The bike helmet should sit level across the middle of the forehead, no more than 1″ above the eyebrows. If the helmet sits high on the forehead or moves more than 1″ when you push the helmet from side to side or front to back, you need to adjust the fit or you may need to buy a different size. You might also consider gloves, elbow- and shinguards and knee pads. Be sure shoelaces are tucked out of the way and avoid loose pant legs.

You will need a proper location to teach your child to ride a bike. Choose a traffic-free area where a child can learn to ride safely. Find a place that is large, flat, smooth and paved. This location might be a driveway, park path, school blacktop or empty parking lot. Empty tennis or basketball courts can also work well.

Finally, you will need to prepare the bike properly. The following is a list of proper preparation steps. 

  • Remove the training wheels. Training wheels help kids grow accustomed to sitting on a bike and using their legs to pedal, but they won’t help them learn to balance. In fact, many professionals dislike training wheels because they teach bad steering habits from the start. 
  • Remove the pedals and lower the seat: This allows kids to sit upright with their legs straight and their feet flat on the ground. The goal is to help them feel more comfortable and steady as they begin learning balance. (Note: Pedals can be removed most easily using a pedal wrench.)
  • Properly inflate the bike tires. The bicycle will roll more smoothly and your child will have an easier time coasting when bike tires are inflated to the correct pressure.
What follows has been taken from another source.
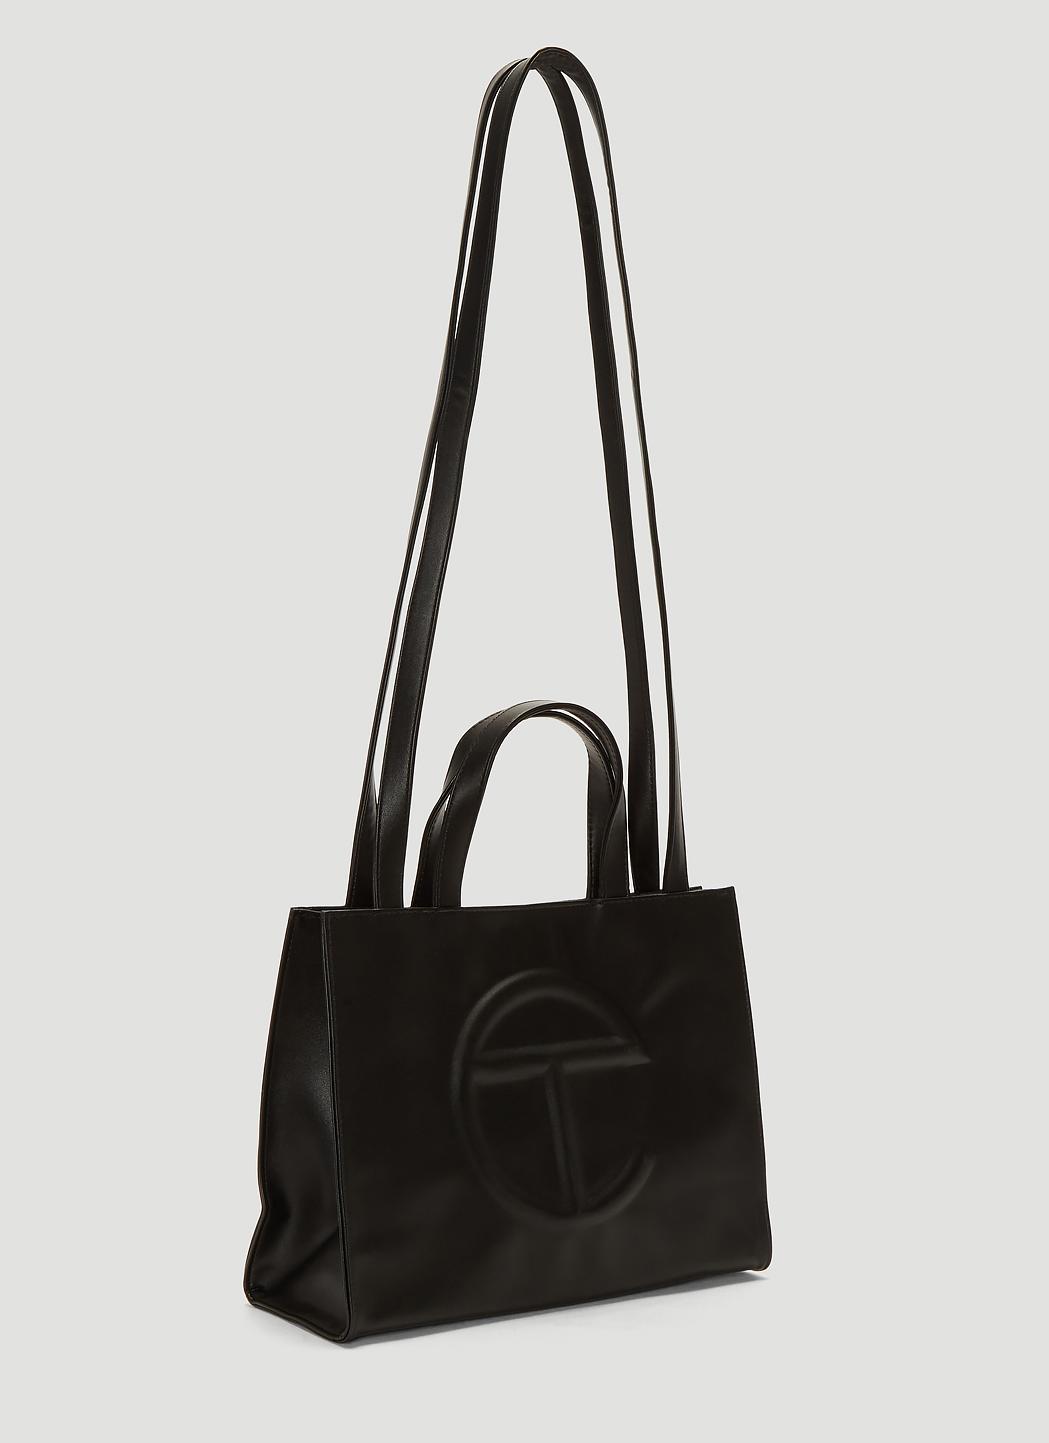 UnBoxing TELFAR Small Tan & Medium Black Shopping Bag

Look for the recommended tire pressure printed on tire sidewalls.

You are now ready to teach your child to ride using the pedal-less method. 

Look, Ma! No Pedals! 

This method is preferred by many, because this is the easiest way to teach your child balance. It is also best for a particularly anxious child because they will feel like they have more control if you teach them to balance first.  

Using the bike you have now modified correctly, you can teach your child how to balance, and how to coast. Have your child scoot around on the bike until they are comfortable with basic balance while moving with their feet on the ground.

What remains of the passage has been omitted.